(Beginning of Input records)
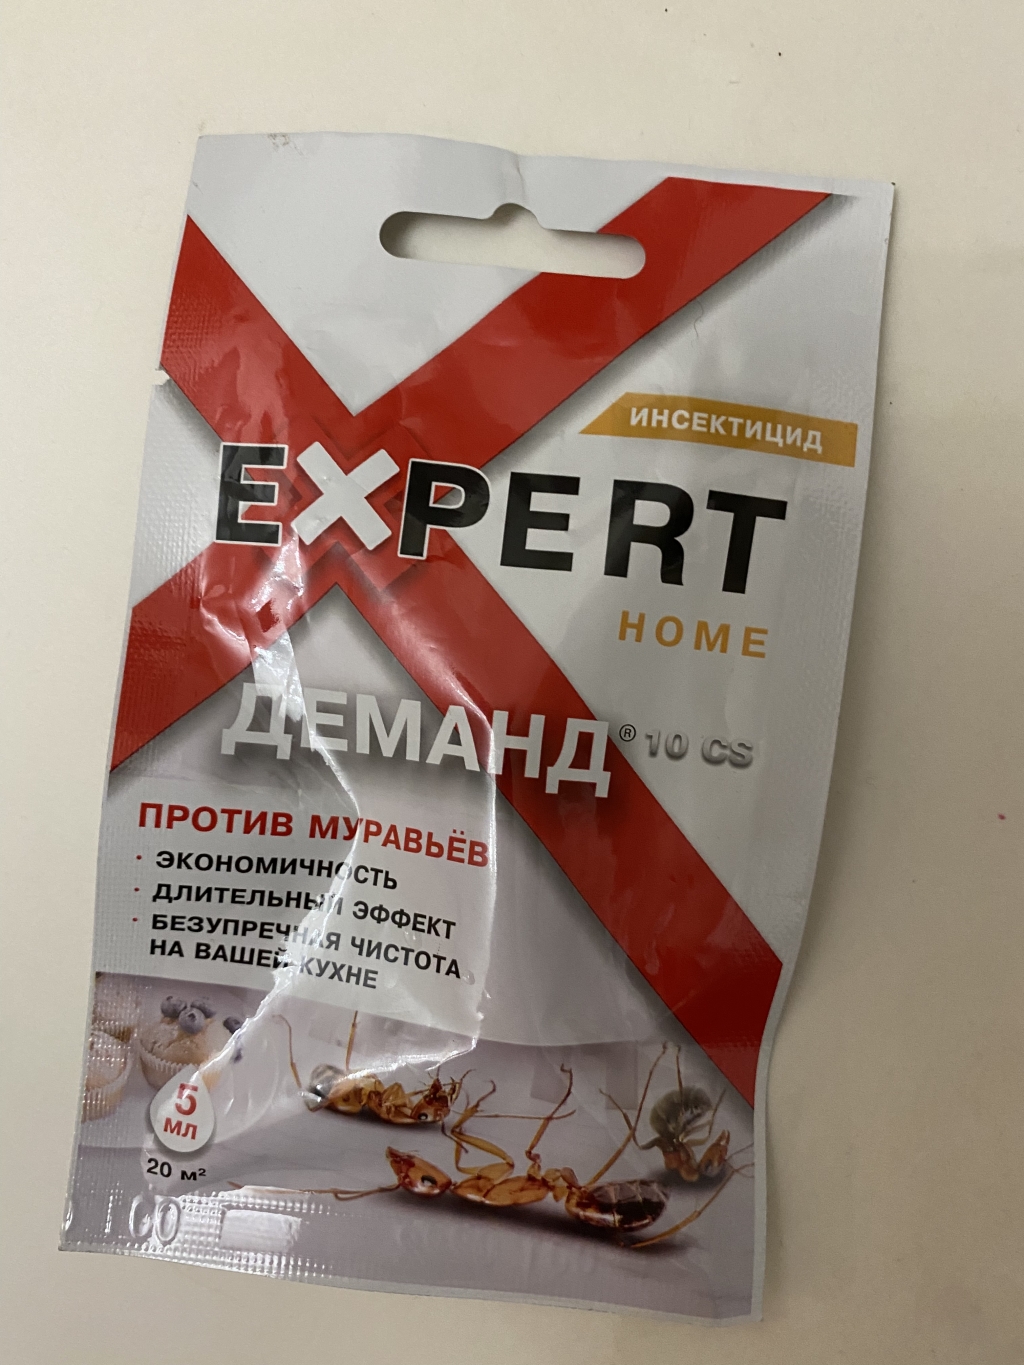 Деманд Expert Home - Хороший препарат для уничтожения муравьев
(End of Input records)
(Beginning of Input records)
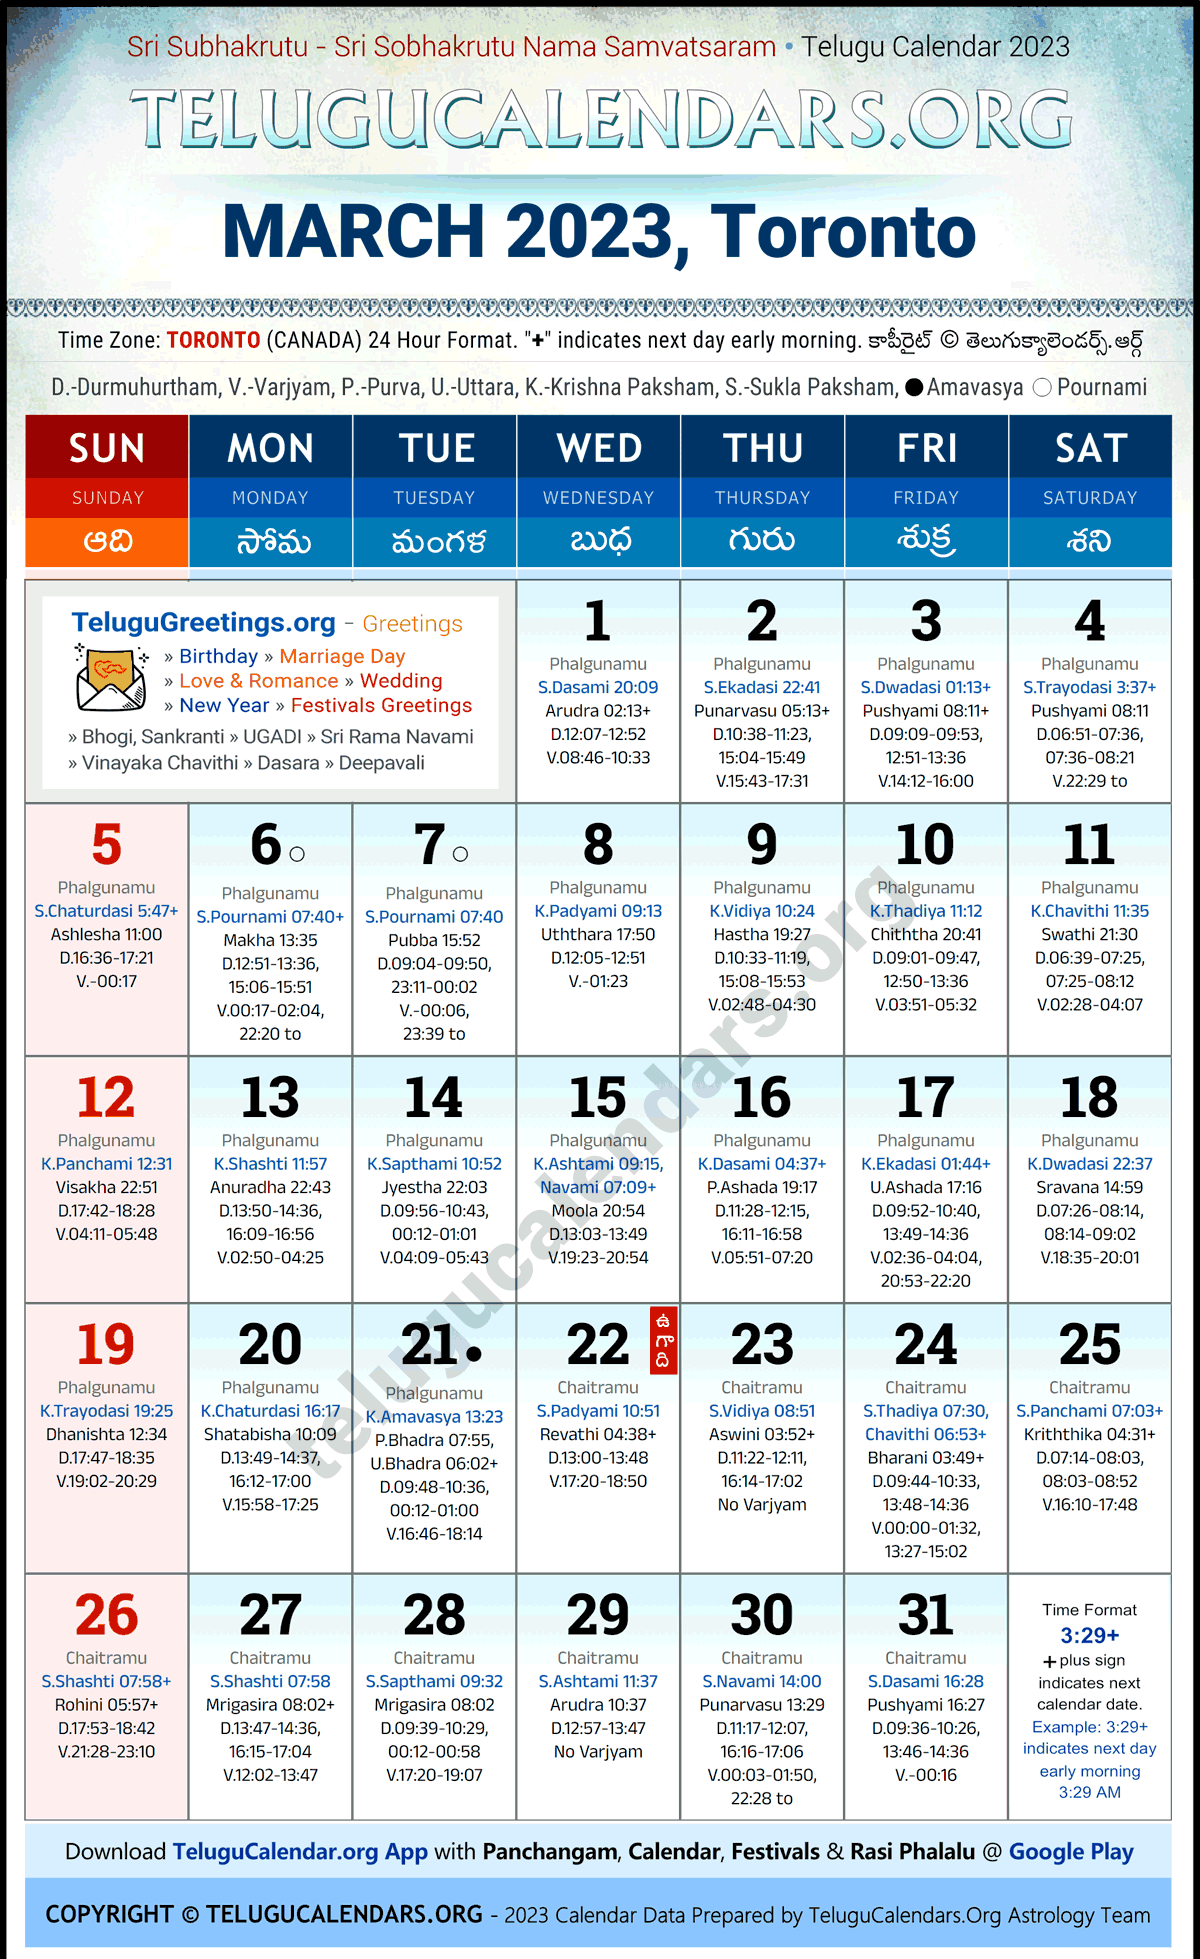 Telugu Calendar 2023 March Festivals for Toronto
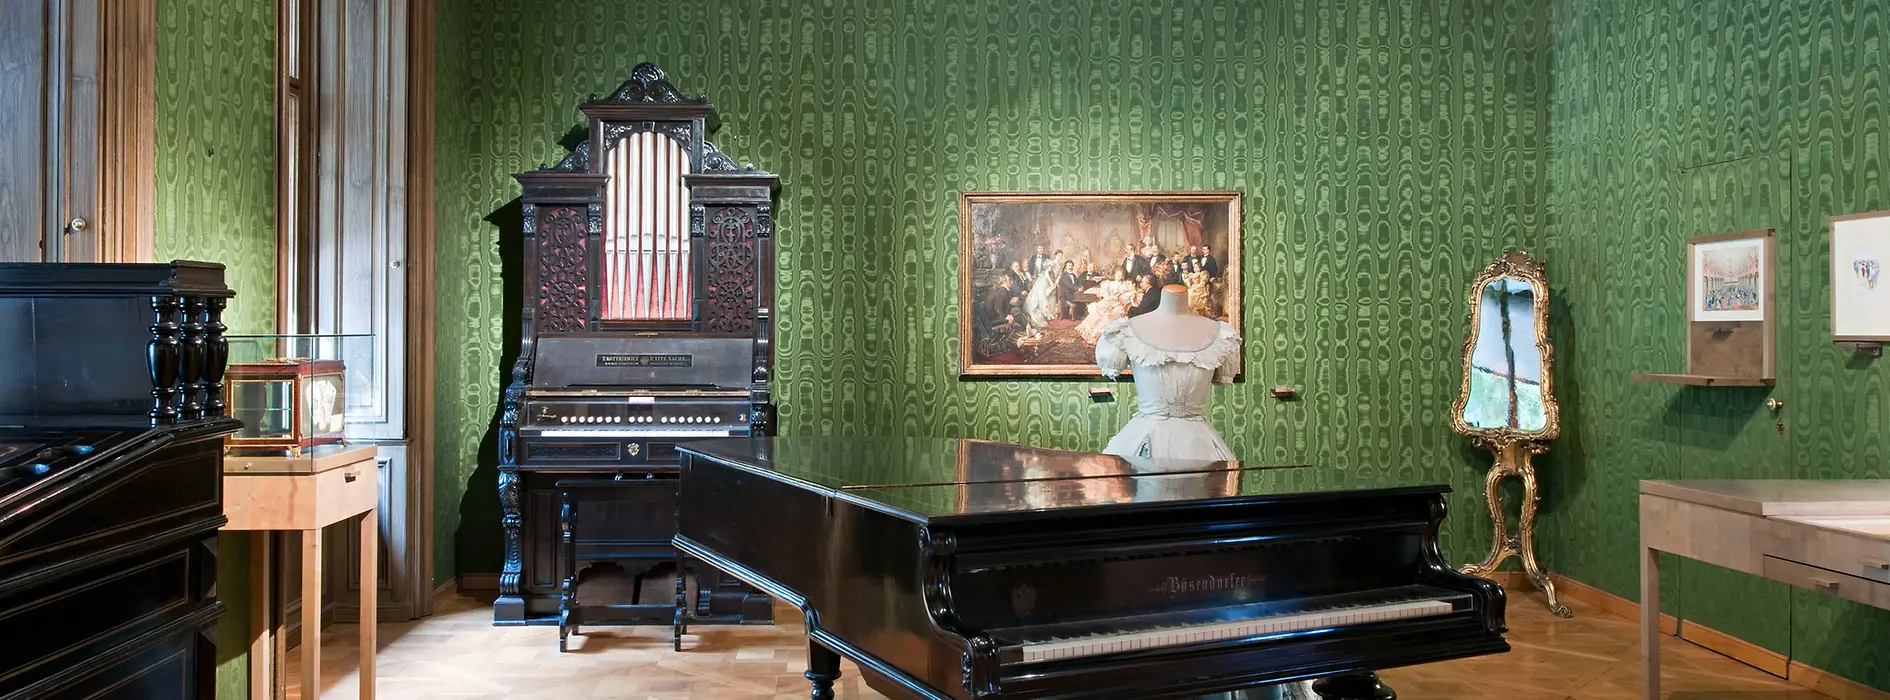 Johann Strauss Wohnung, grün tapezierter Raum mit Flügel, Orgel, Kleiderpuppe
(End of Input records)
With the pictures left out, write out exactly the lines above from the one containing "Telugu Calendar 2023" through the one containing "Johann Strauss Wohnung, grün".

Solution for this exercise
 Telugu Calendar 2023 March Festivals for Toronto
 Johann Strauss Wohnung, grün tapezierter Raum mit Flügel, Orgel, Kleiderpuppe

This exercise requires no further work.